Histogram of Probability Prediction Distributions

We ran the model on our test set to further examine its results and accuracy. Below we display a histogram of the predictions made on the test set. The plot provides a quick glance at the distribution of predictions of the probability for flooding in each cell. We would expect to see a larger quantity of predictions hovering around 0.0 and 0.1 for a strong model, but our model has more predictions at the lower end of the distribution and very few above 0.5 (and none at 1.0).
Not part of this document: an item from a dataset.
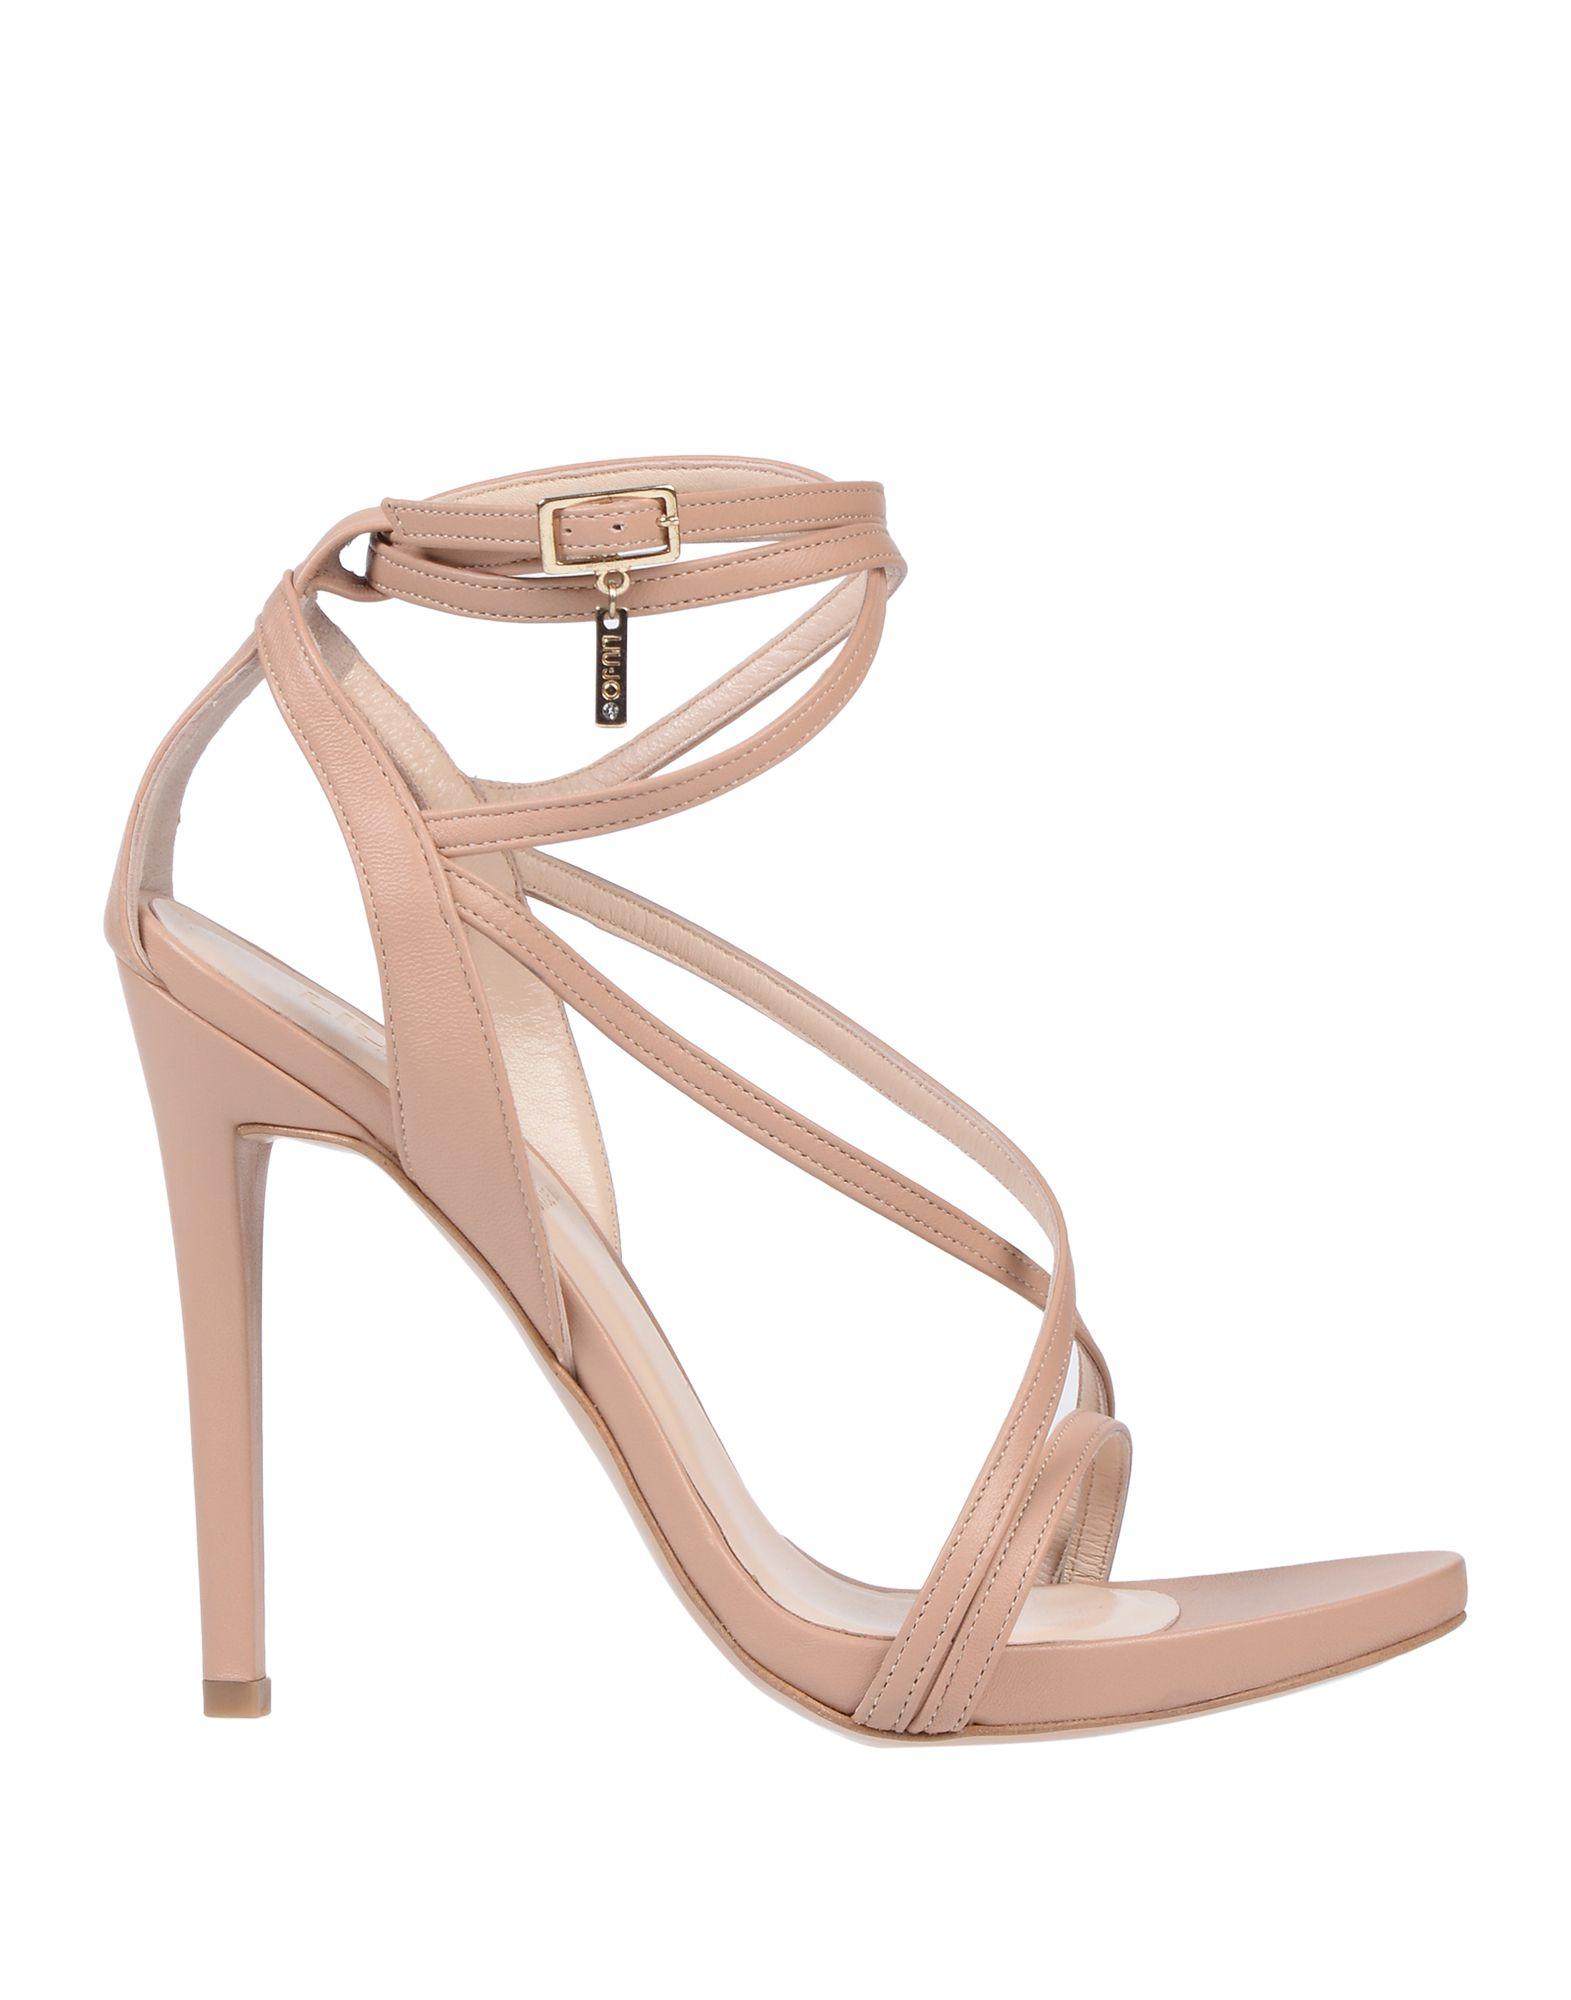 liujo chaussures sandales - femmes liujo chaussures sandales sur en ligne sur sandales canada - 11505155rr 9b8a34

This indicates that our model is better at predicting non-flooded areas than flooded ones. This may be because our dataset included a limited number of flooded cells with which we could train the model.
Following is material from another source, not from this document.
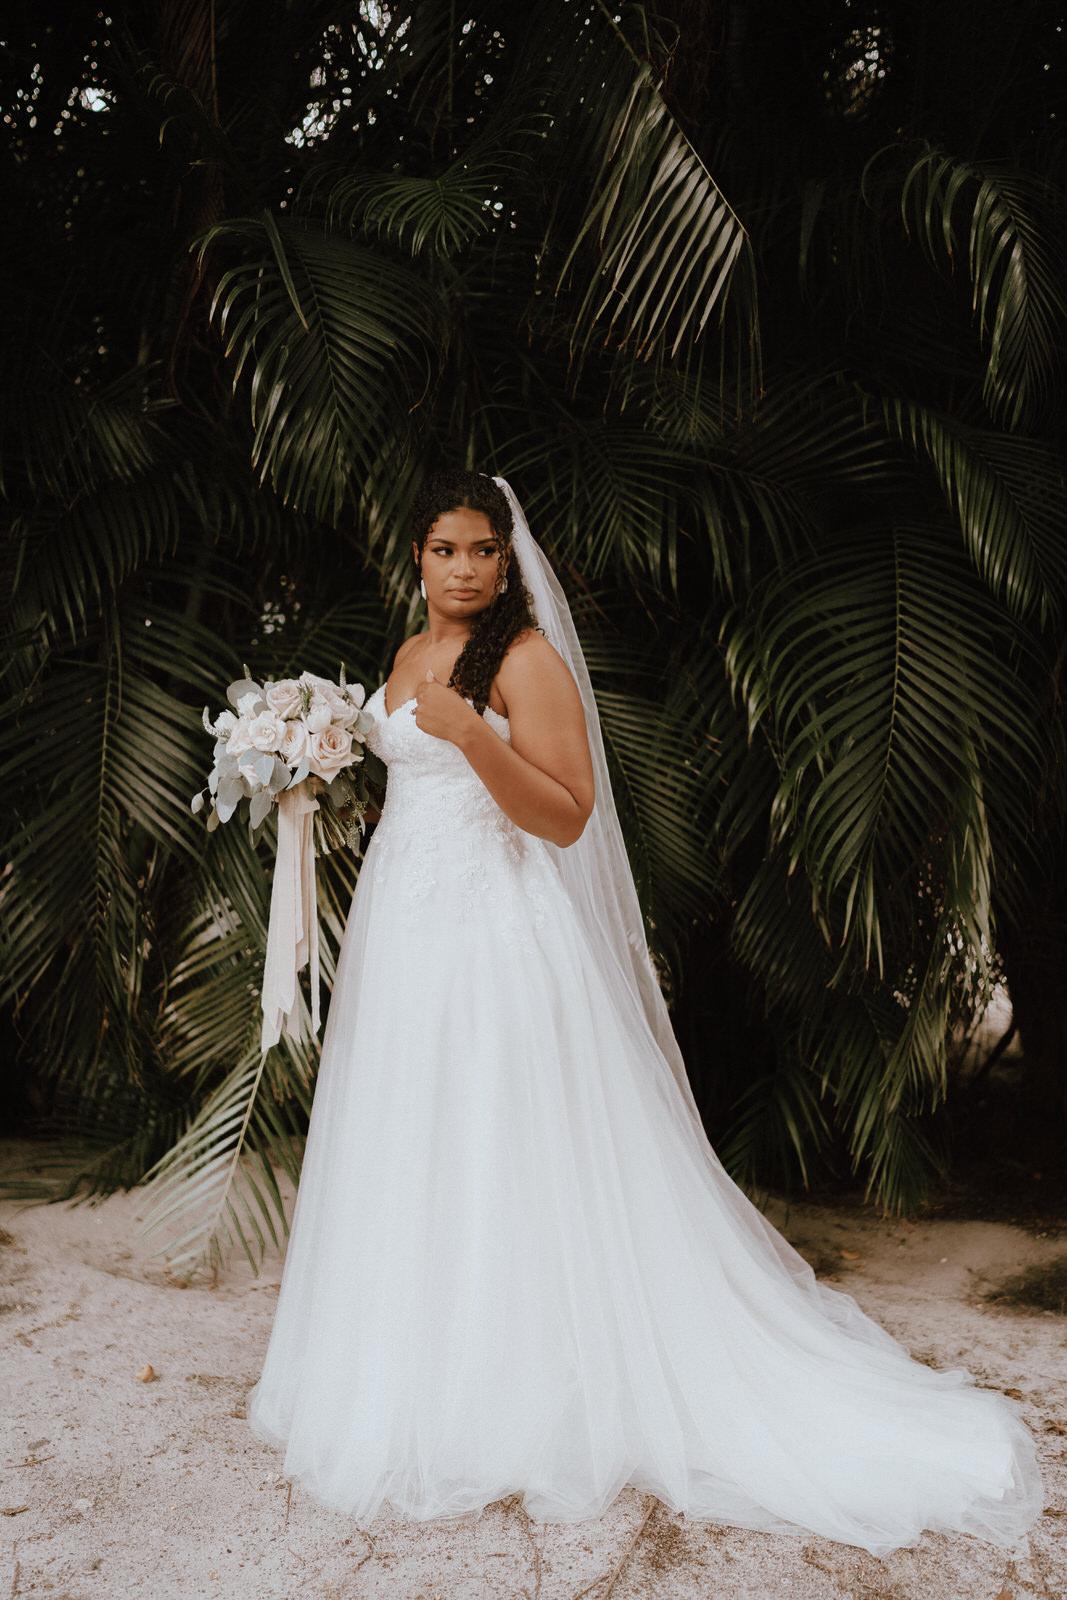 South Seas Island Resort Elopement- Alyana and Shawn- Michelle Gonzalez Photography-129.JPG

classProbs <- predict(calgaryModel, calgaryTest, type="response")

hist((classProbs), main = paste("Histogram of Predictions"), col = "#1372A4", xlab = "Inundation Probability") + plotTheme1()

Density of Probability Prediction Distribution

The density plot shown below echos the takeaways of the histogram plot above. Here, we that there is a higher density of predictions made around 0 (not flooded), while there are very few predictions for 1 (flooded). It also reinforces that our model predicts better on non-flooded cells. Based on the distribution and density plots, we decoded to use a threshold of 0.4 to designate a predicted probability as flooded.

testProbs <- data.frame(obs = as.numeric(calgaryTest$inundation),
                        pred = classProbs,
                        uniqueID = calgaryTest$uniqueID)
testProbs$obs <- ifelse(calgaryTest$inundation == 1, 1, 0)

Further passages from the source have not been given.